Two huge holes were left by the missiles that pierced a small building in a narrow alley in downtown Baalbek, in north-east Lebanon. The Khala family’s clothes and photos lay strewn in the rubble of the partly collapsed building. Two women and four children were killed in the Israeli strike on the building on Monday, October 21. Coming to collect belongings from their home, rendered uninhabitable by the blast, neighbors refused to say whether the family had included a member of Hezbollah. Young members of the Shiite party were guarding the site and listening to conversations.
“These are the sacrifices we make for our fighters. We give them our soul and our blood. If we don’t defend our country, who will?” asked Oum Mohamed. The 43-year-old mother and headmistress of a secondary school in Hadeth, a southern suburb of Beirut, was taking refuge with her parents two houses down. She fled the Lebanese capital on September 25, under threat of Israeli bombardment. Her house and school were destroyed. Hezbollah promised to rebuild the houses, but Oum Mohamed was surprised not to have seen any aid distribution by the party in Baalbek.

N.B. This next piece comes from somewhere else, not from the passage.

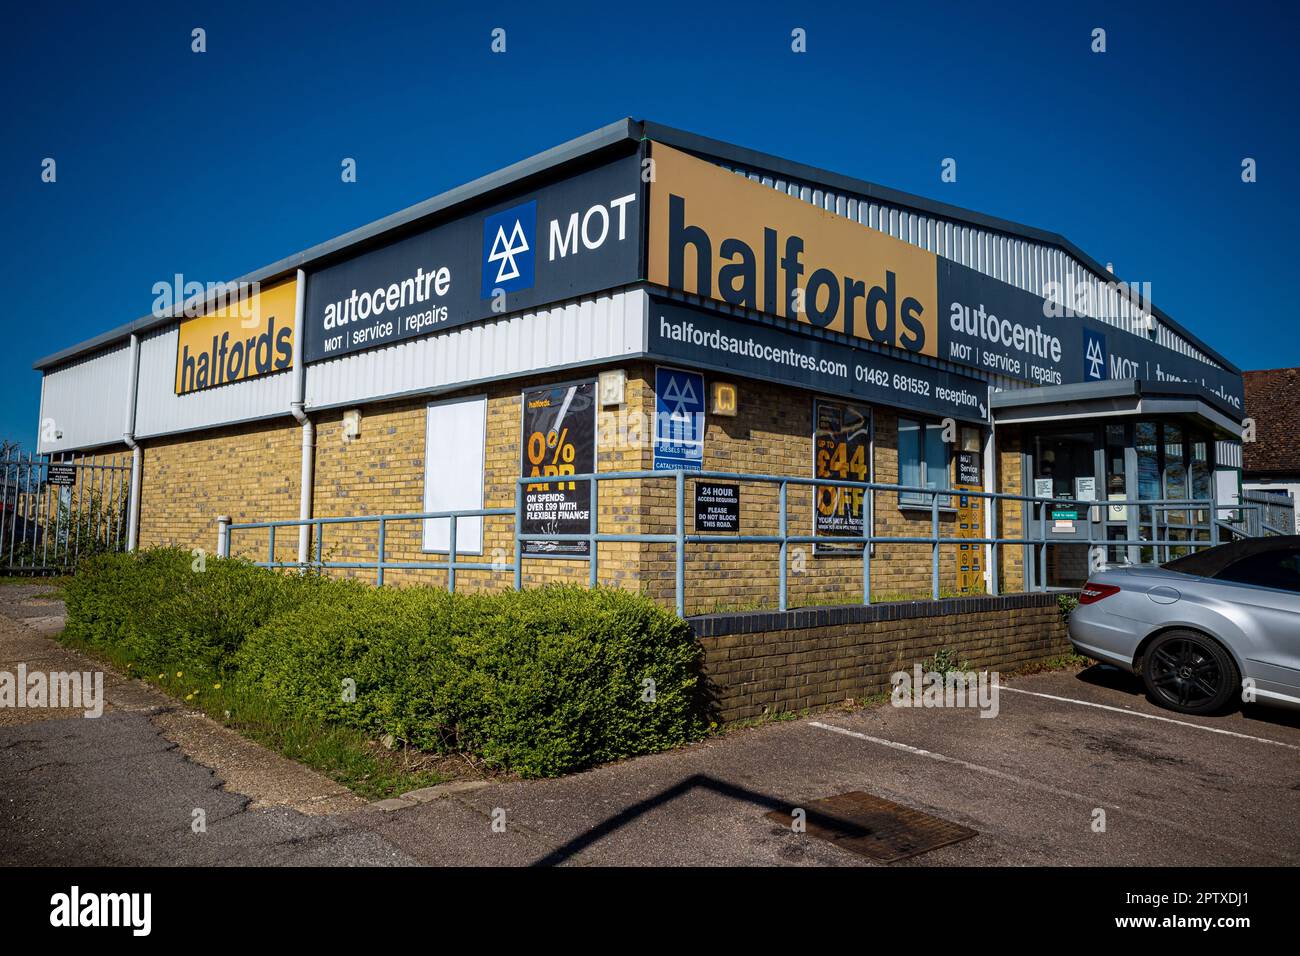 Halfords Autocenter - Halfords Autocenter Letchworth Garden City Reino Unido. Centro de piezas y servicio. Halfords Autocenter es un centro de servicio y reparación de automóviles. Foto de stock

Since Israel launched a vast offensive on Lebanon on September 23, local Hezbollah institutions have been systematically targeted. On Monday, the headquarters of Al-Qard Al-Hassan, Hezbollah’s microcredit organization, was bombed in Beirut. At the same time, its branch in Baalbek was wiped out too. The explosion also blew up the interior of the Al-Ajami restaurant, frequented for decades by the artists and political figures who flock to the July music festival, staged in Baalbek’s majestic Greco-Roman ruins. These two worlds have coexisted ever since the city, a UNESCO World Heritage Site and former stopover on the pilgrimage route to Jerusalem, became a Hezbollah stronghold.
Not the time for criticism
Hezbollah was founded there in 1982, at the instigation of emissaries from the fledgling Islamic Republic of Iran. The movement’s center of gravity then shifted to southern Lebanon and the southern suburbs of Beirut. Baalbek, however, remains an important Hezbollah stronghold, as does the Bekaa plain, through which weapons from Syria pass. In the city’s Shiite districts, the walls are covered with photos of “martyrs,” including Hassan Nasrallah, the former Hezbollah secretary general, killed by targeted Israeli strikes on September 27, and portraits of Iranian Supreme Leader Ayatollah Ali Khamenei.
Two-thirds Shiite, Baalbek is also home to a sizable Sunni and Christian minority. For the past two years, the city has been run by a Sunni mayor, Moustafa Chaal, who has been a member of the city council since 2004. “My turn has come, despite the unwritten rule that the mayor must be Shiite. The people of Baalbek have accepted me with open arms,” said the 66-year-old mayor, over coffee at the Palmyra Hotel, facing the imposing temples of Bacchus and Jupiter, the city’s two jewels. Once host to Charles de Gaulle, Jean Cocteau, Fairouz and Nina Simone, the establishment hasn’t had a single guest for a month and a half.